花鐵鐵白了我一眼,“嗯”了一聲,準備說她想說的事情,卻忽然想起什麽,眼睛一亮道:“哎,陛下別叫我花卿啊,顯得多見外啊,那戲文裏皇帝都叫自己喜歡的臣下愛卿,陛下喚我花愛卿,花愛卿多好聽啊。”

“呸,不要點死臉。”我將平安捂在我嘴巴上的手拿開,“愛卿是對臣子的愛稱,你就是一個民女,叫你花卿都擡舉,還愛卿,你不配!”說完又將平安的手捂回去。

劉景呵呵笑了笑,一邊像撫摸小狗一樣撫著我,示意我不可再多嘴,一邊平易近人地應下花鐵鐵的請求,道:“好好好,花愛卿有什麽要說的,且慢慢說來。”

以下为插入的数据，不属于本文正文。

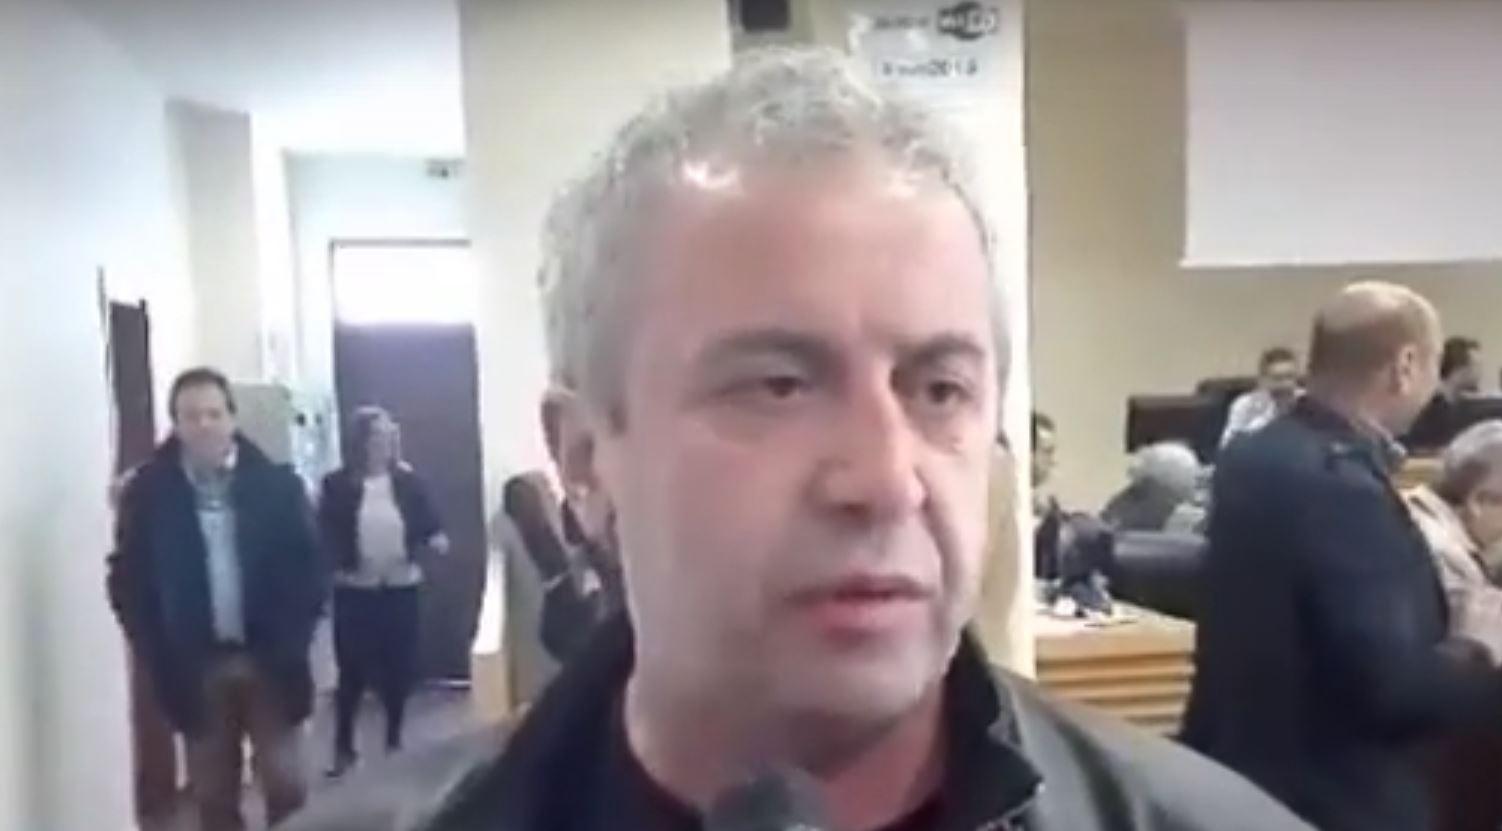 Ο Δήμος Κοζάνης, ΚΑΛΕΙ τους ενδιαφερόμενους εργολήπτες Δημοσίων Έργων που επιθυμούν να εγγραφούν στους καταλόγους εργοληπτών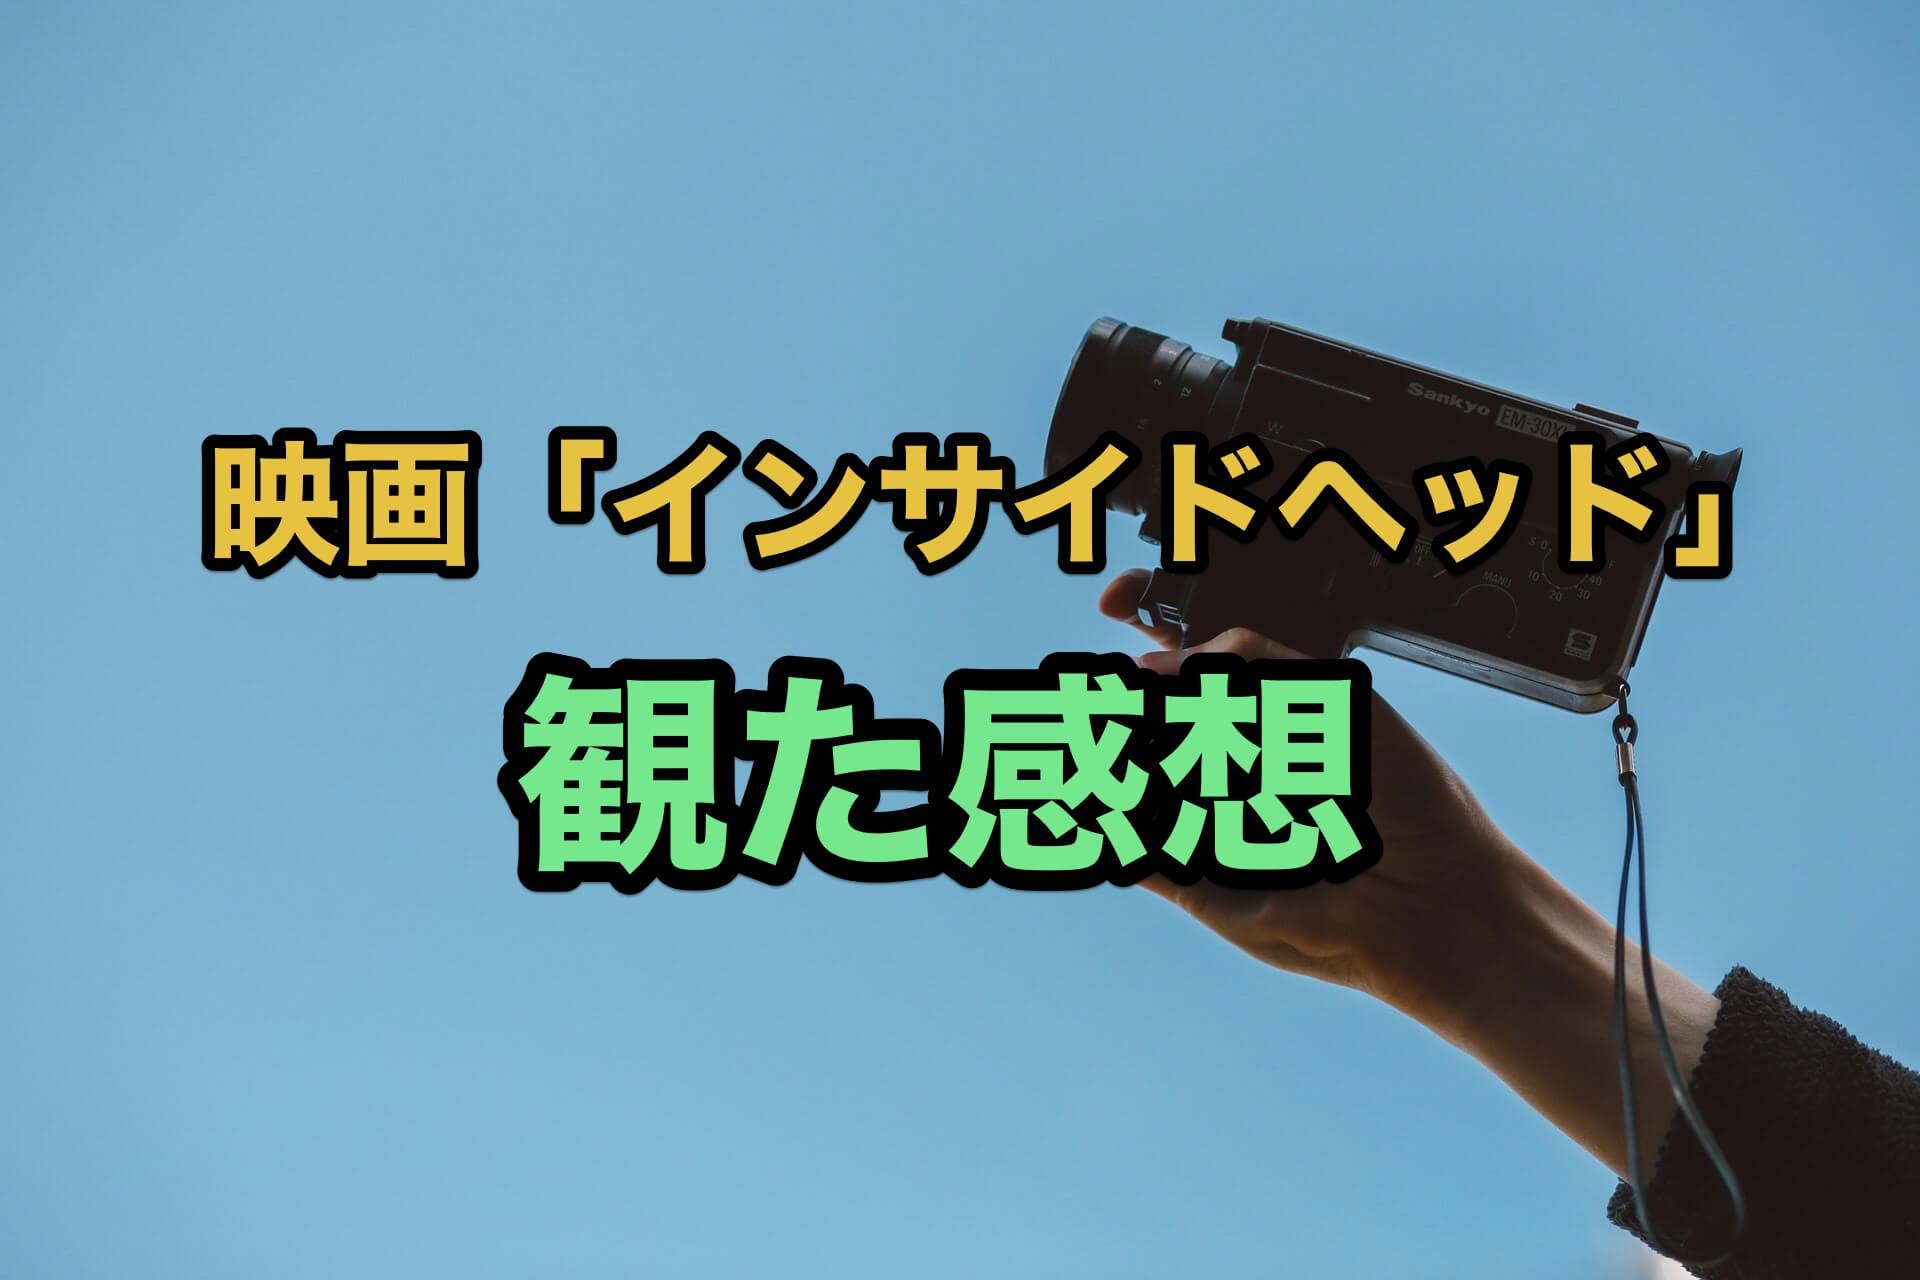 映画「インサイドヘッド」の感想、見どころポイントを解説【評判あり】

“好好好,我慢慢說給你聽哈。”花鐵鐵點頭如搗蒜,喜出望外,說著從李遠李檔的手臂底下鉆過來,提著裙擺,膝行到劉景身邊,拉著他另一只手,仰頭討好正欲說話。

我不樂意了,滿臉嫉妒的要死的樣子,環抱著劉景的腰,撅著屁股硬往花鐵鐵和劉景中間擠,企圖把花鐵鐵擠開,一邊用小腚抵著花鐵鐵,一邊嚶嚶著:你走開,走開,陛下是我的,我的,你滾,你滾,你不要跟我搶……

“哎,哎?耍無賴是吧,是不是耍無賴!?”花鐵鐵左推右推推不走我,就在我撅得老高的屁股上呼了一巴掌,低聲威脅道:“趕緊給我起開哈,別耽誤我有本啟奏,不然我扒你褲子,叫你光眼子。我數到三啊,三!”

聞言我頓了一下,聽到那聲“三”更是一個激靈,瞬間把屁股轉到另一邊,卻依舊宣誓主權一般摟著劉景的腰不松手。“一,二,被你吃啦!大虎叉!”

劉景被我們二人逗得哈哈大笑,只覺是小兒女鬧著玩,有趣兒的緊。回頭對太子道:“你兄弟幾個小時候,也這般鬧著搶爹爹。”說完眼裏一絲傷感,臉上的笑容也不著痕跡的僵了一下,他說的兄弟幾個是指元皇後生的三子一女。

他應該是又想起那個早夭的大女兒了,怕是那個大女兒也曾經這般跟哥哥弟弟搶爹爹,說不準搶得更兇。劉景按下那絲苦澀,笑呵呵地一手將我攬在懷裏,一手牽起地上的花鐵鐵,深深看了看我,又深深看了看花鐵鐵,仿佛透過我們在看另一個人的幼年和成年。

花鐵鐵一點也沒察覺劉景的異樣,只因劉景親昵的舉動,覺得自己備受寵信,笑得合不攏嘴,對著我挑釁的揚了揚眉毛,旋即幹脆直接得寸進尺,緊緊抱住劉景的胳膊,討好地道:“陛下陛下,我這不是鐵了心投身大漢,立志為大漢效力,為陛下效忠嗎?我想著怎麽也得有個身份,你看哈,那個韓燕熙,就因為他有身份,長安就得對他忍氣吞聲,那我要是有了身份,長安肯定不能動不動就攆我滾回南唐了,所以……”

花鐵鐵說到最後,居然停下,等著劉景接話。

這個大虎叉,還真敢啊!

眾人都被花鐵鐵的言行震驚傻了,劉景反倒沒什麽,只把花鐵鐵看作是花空心思向父親討要物件兒的女兒一般,慈祥地詢問:“喔,那丫頭,你想要個什麽身份?”

“丫頭?”花鐵鐵一怔。眾人也都立即明白,這個稱呼表示皇帝在刻意保持分寸,有避男女之嫌的意思,這樣瞬間就化解了花鐵鐵抱著他胳膊,貼身倚嬌等過分親近的舉動引發的不良影響。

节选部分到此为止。